Прежде всего, он был мудрый человек. И хотя евреи, его окружавшие на работе, были полностью ассимилированными, не знали идиш и понятия не имели о еврейских традициях, они наградили его подпольной кличкой «ребе». Действительно, благодаря своей мудрости и чрезвычайно высоким моральным стандартам, он был желанным советчиком. У него даже была официальная общественная функция – председатель товарищеского суда.

Я проработал в его лаборатории более 16-ти лет до моего отъезда в Израиль, сначала аспирантом, затем – старшим лаборантом и затем – младшим научным сотрудником со степенью.

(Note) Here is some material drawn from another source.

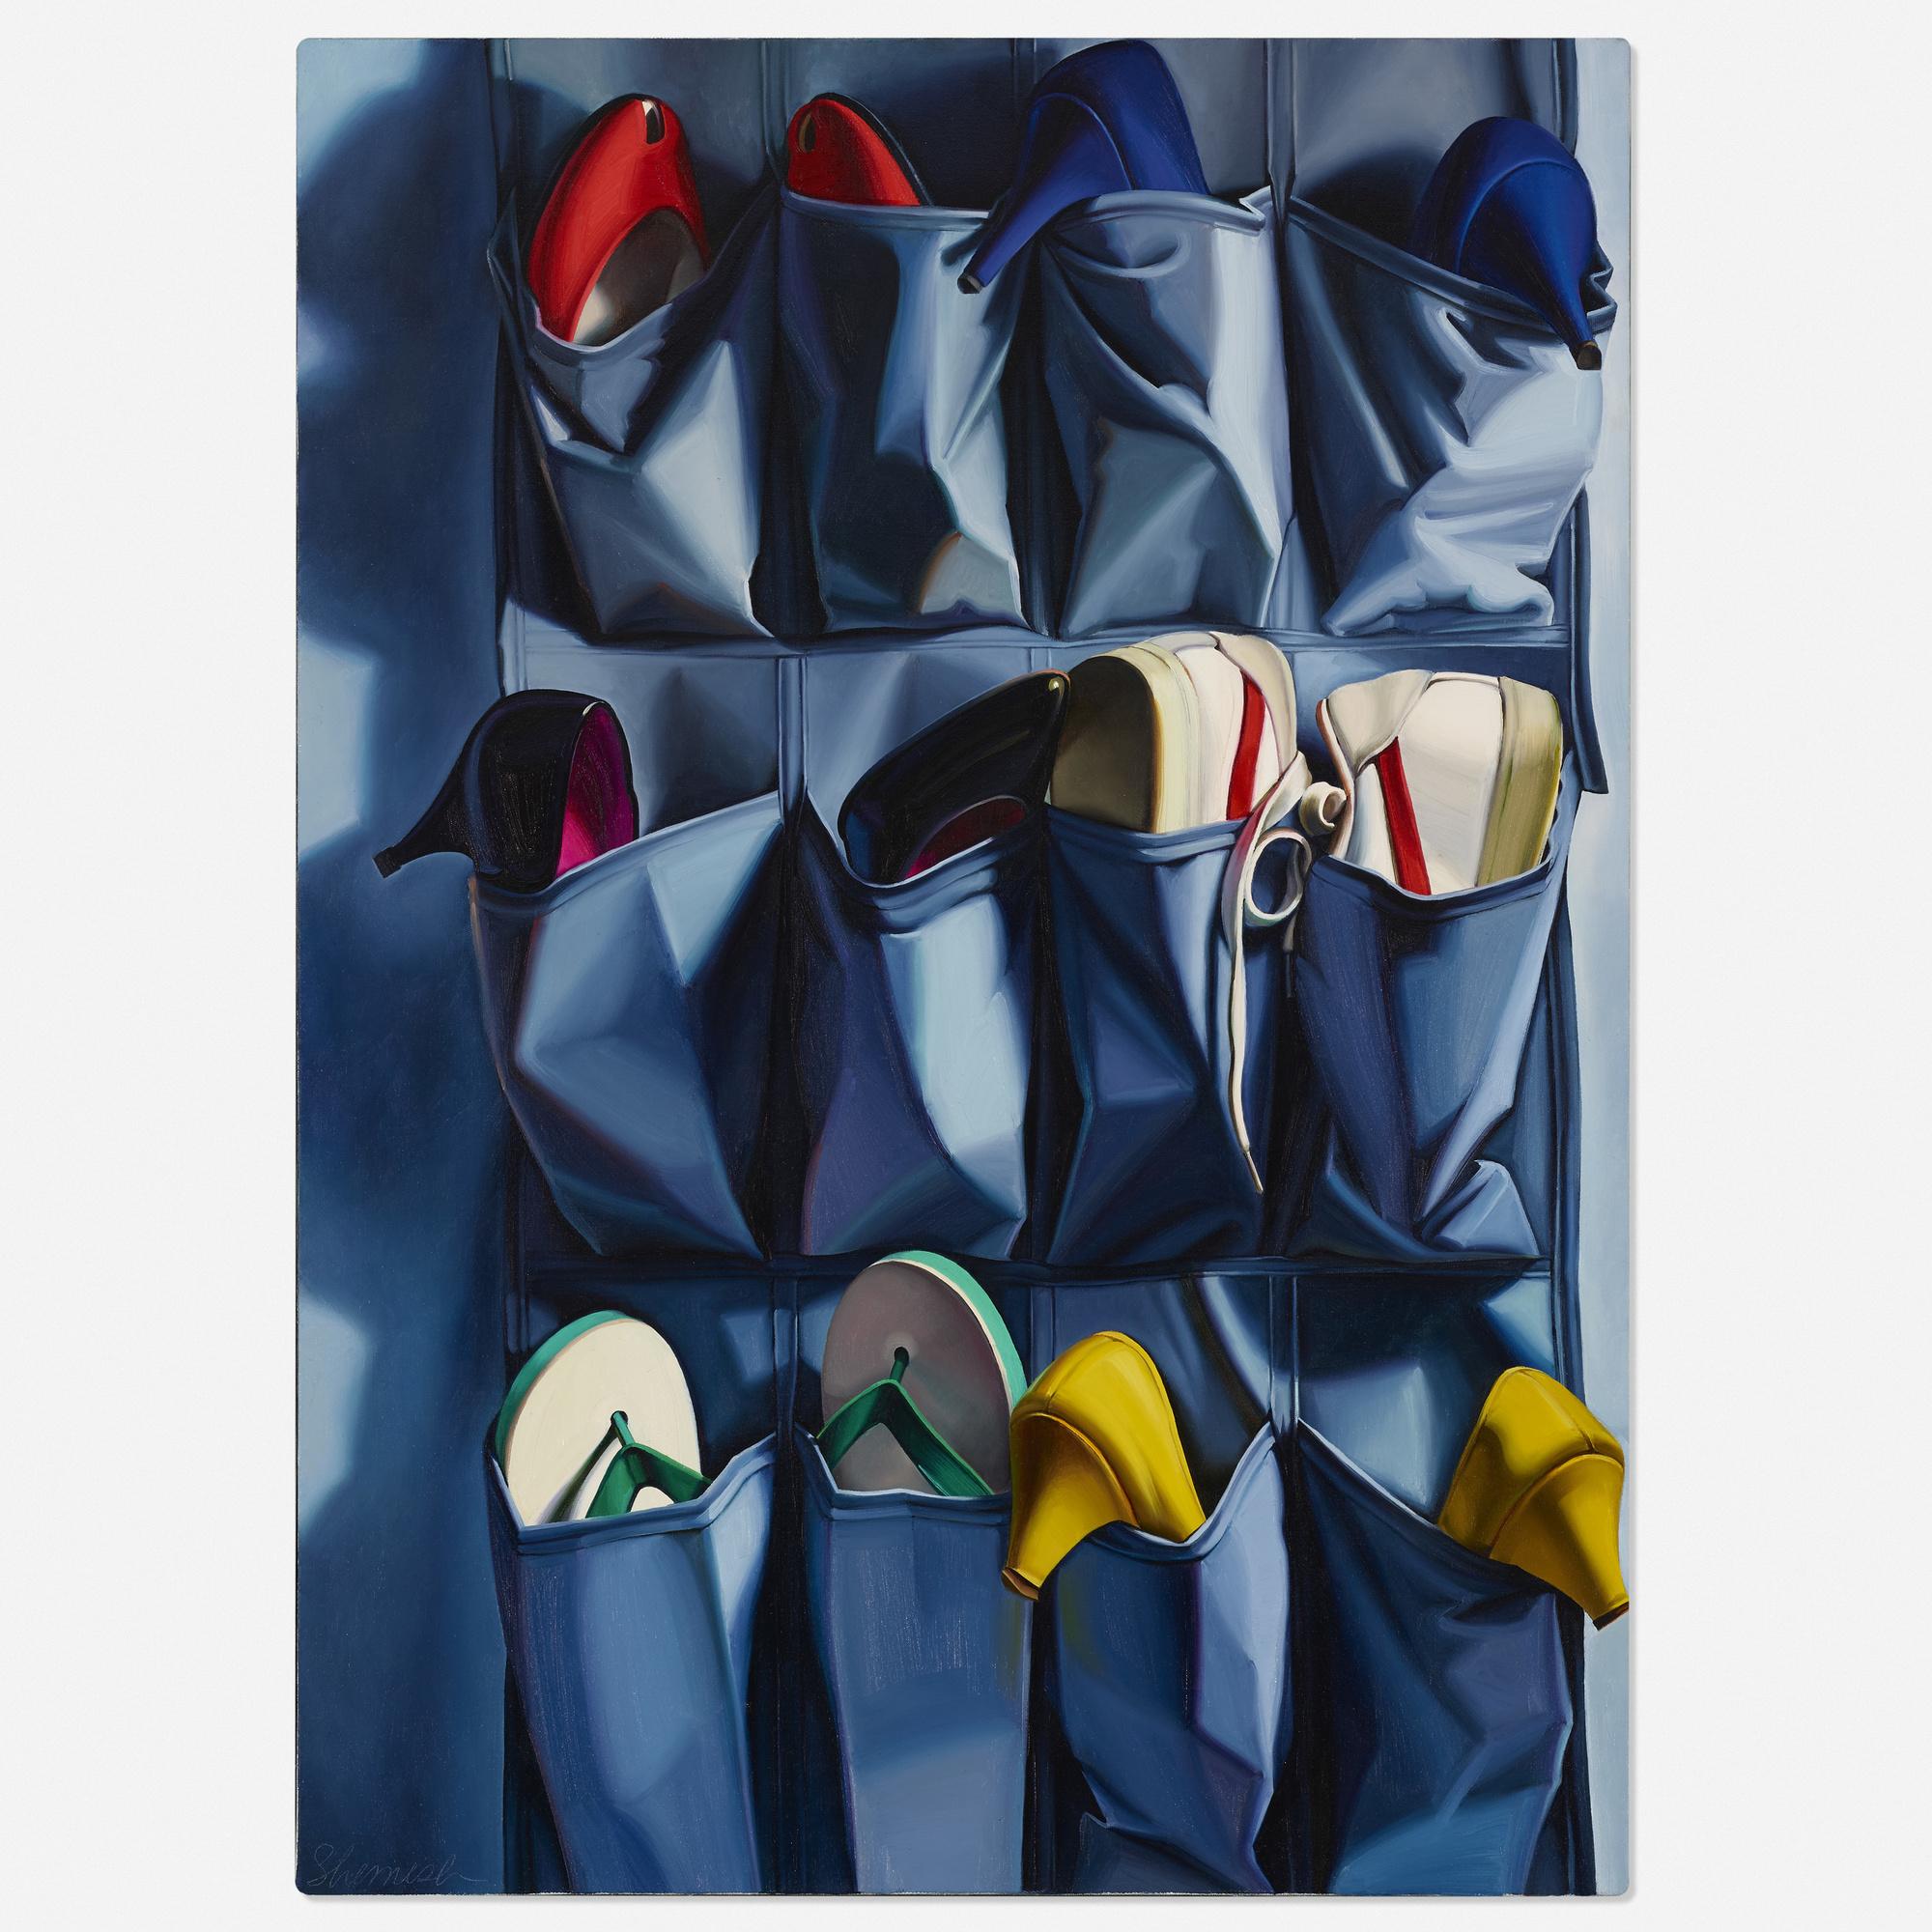 Lorraine Shemesh Art: 193: LORRAINE SHEMESH, Shoebag

13 февраля 1978 года я прибыл в благословенную страну Израиля. Этим актом я оборвал все связи, которые у меня установились за эти 16 лет. Остались одни воспоминания. Среди всех, кого помню, вспоминавшихся, Арон возвышался, как Эверест. Его я вспоминал чаще всех и по сей день вспоминаю очень часто.

Начнём с его основополагающих: «Как дальше жить – неясно» и «Люди не созданы для того, чтобы жить друг с другом». Эти чеканные формулировки, которые Арон так любил повторять, были для меня чрезвычайно актуальными именно в первые годы эмиграции, когда пришлось попытаться понять новые коды поведения, совершенно непривычные особенно для человека, выросшего в Союзе, и как-то приспособиться к этим кодам. Всё было незнакомым, странным и непонятным и, естественно, не только каждый день, но и каждый час было неясно, как дальше жить. Ну и конечно, каждый день и час сталкиваешься с новыми незнакомыми людьми и каждый раз убеждаешься в том, что люди не созданы для того, чтобы жить друг с другом.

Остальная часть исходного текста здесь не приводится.